## Data provided:
+ + + + + + +
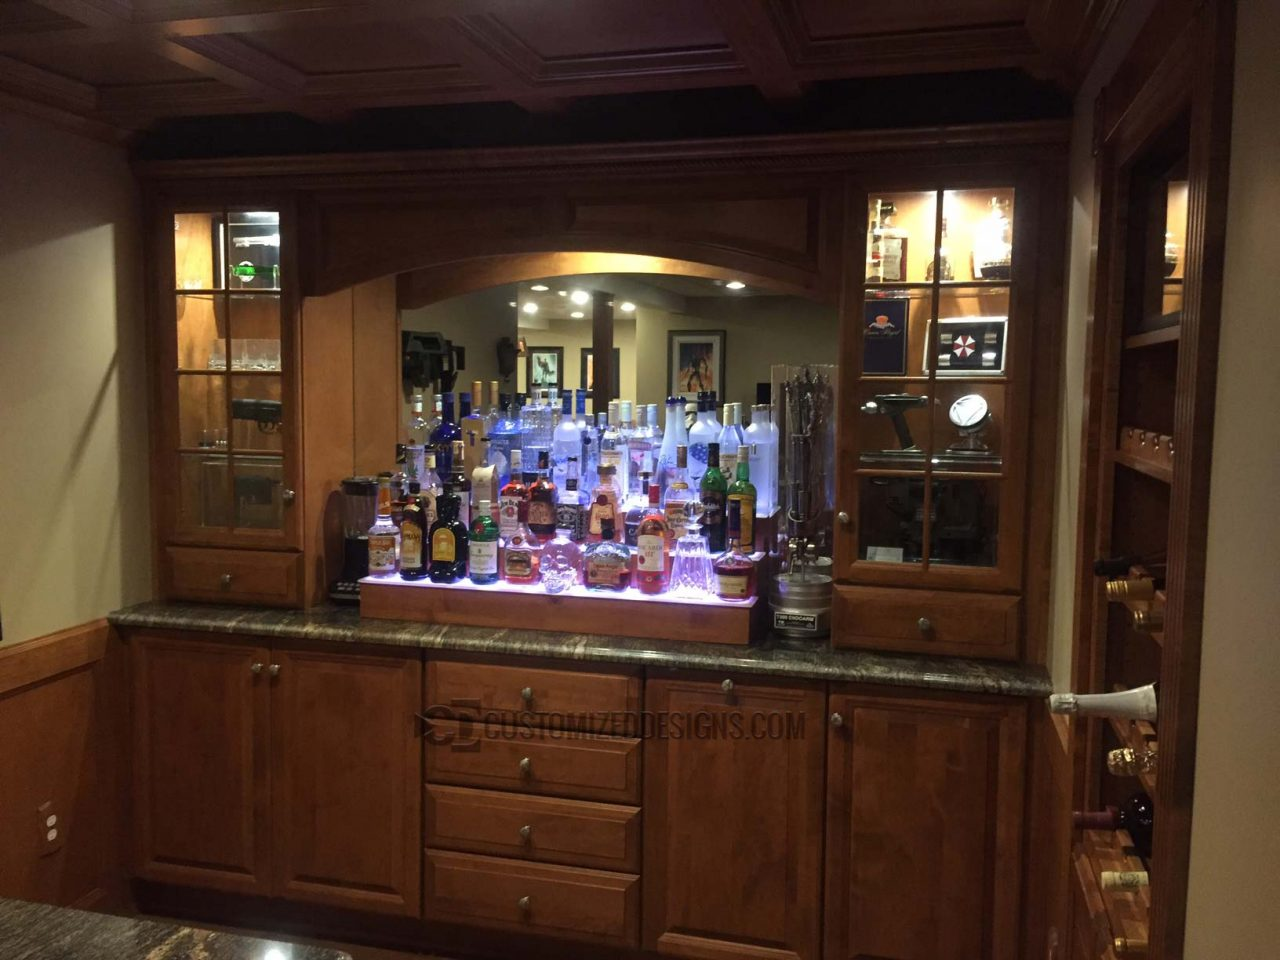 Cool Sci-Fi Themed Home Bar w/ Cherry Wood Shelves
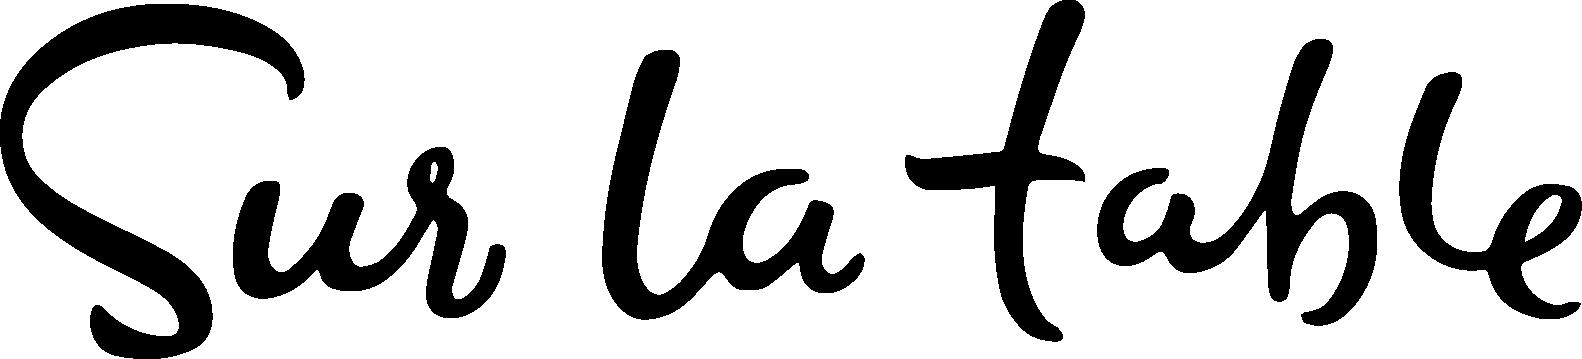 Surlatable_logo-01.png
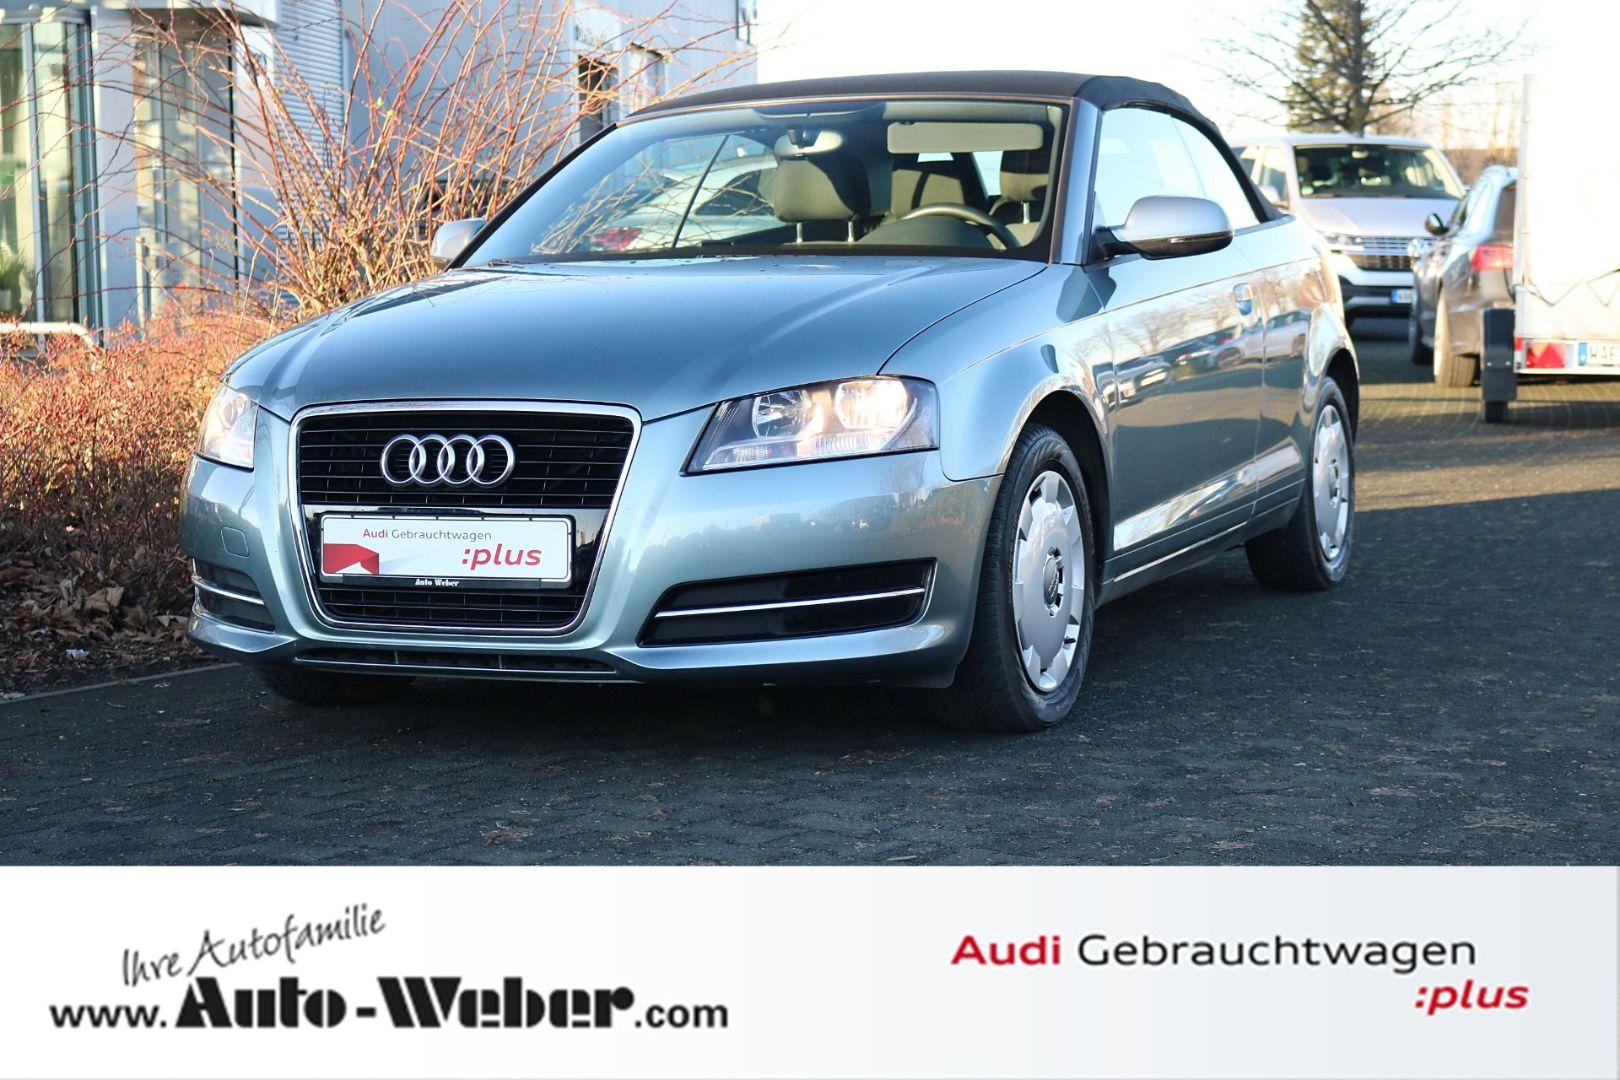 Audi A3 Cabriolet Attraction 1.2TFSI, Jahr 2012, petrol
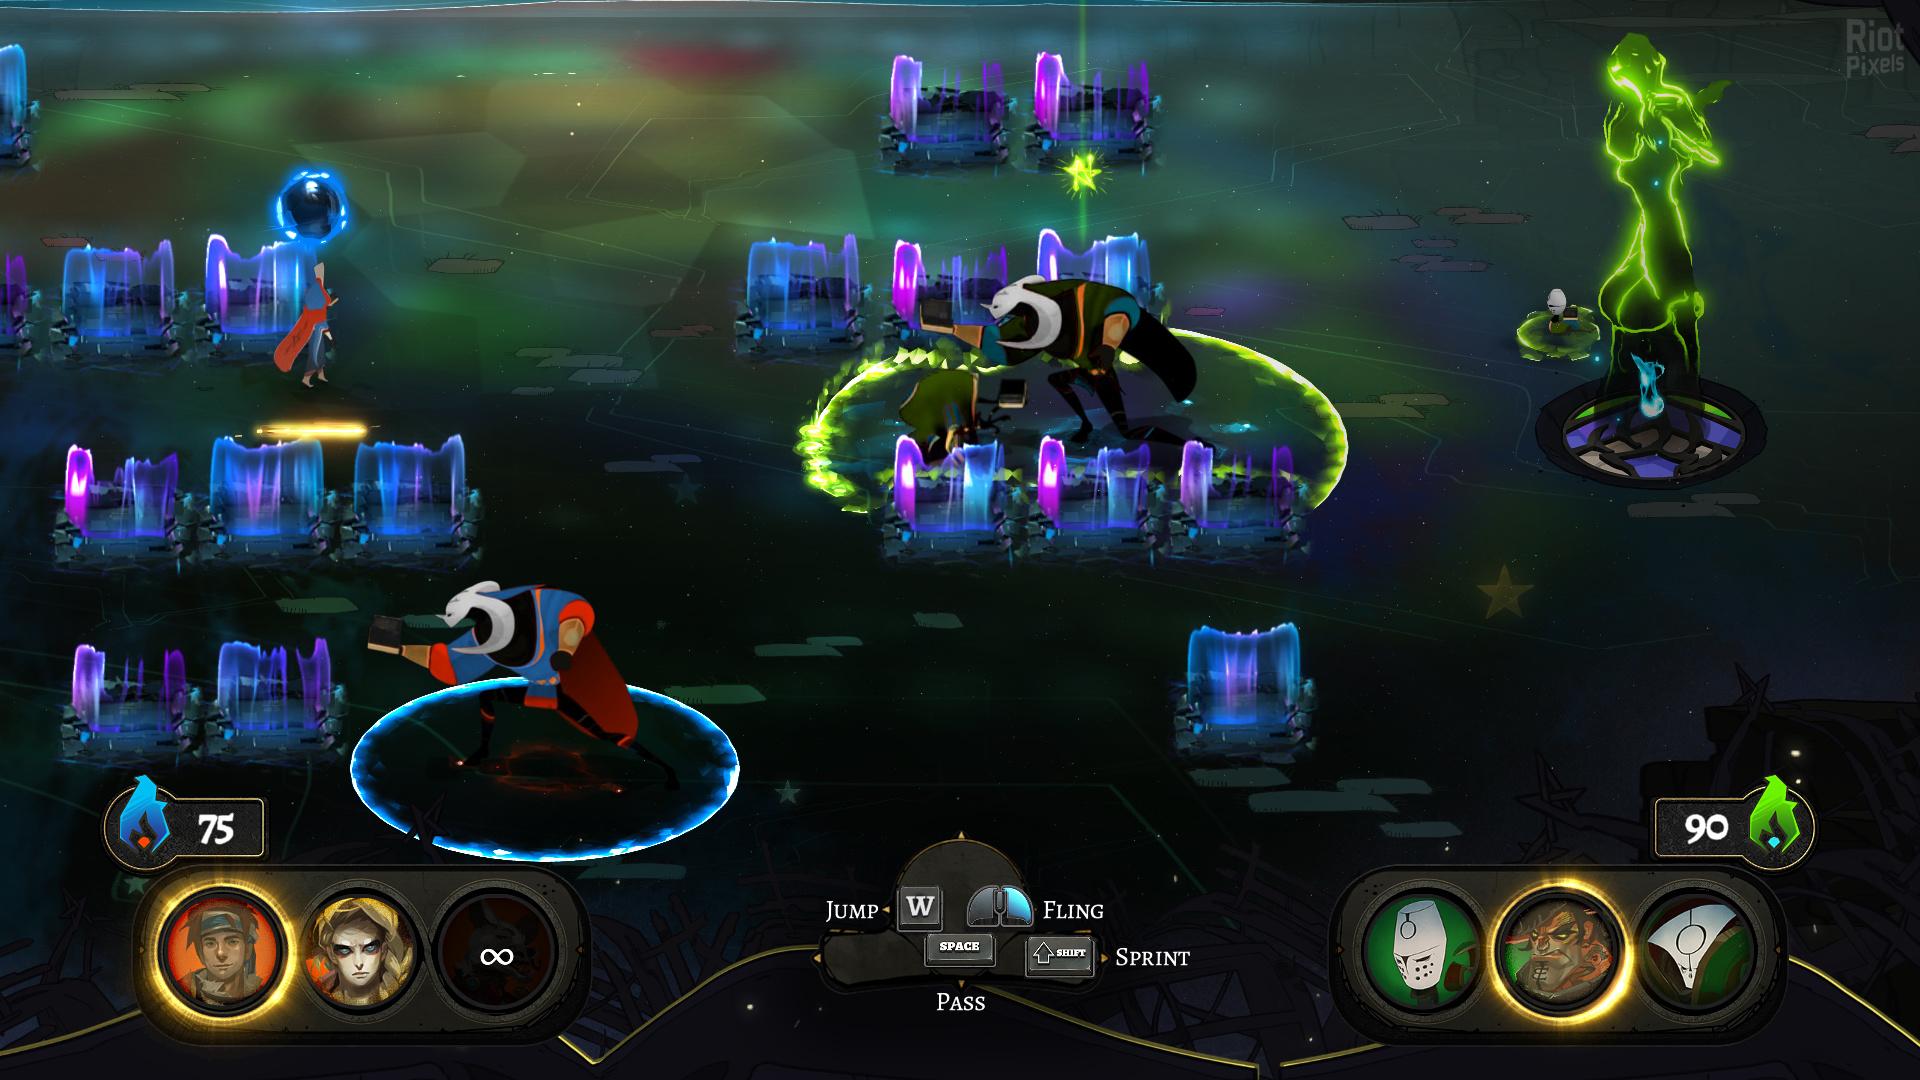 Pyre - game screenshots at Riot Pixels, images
+ + + + + + +
## Problem statement:
Give back exactly the lines from the line with "Audi A3 Cabriolet" through the end of the material above, inclusive, with no pictures.

## Completed exercise:
 Audi A3 Cabriolet Attraction 1.2TFSI, Jahr 2012, petrol
 Pyre - game screenshots at Riot Pixels, images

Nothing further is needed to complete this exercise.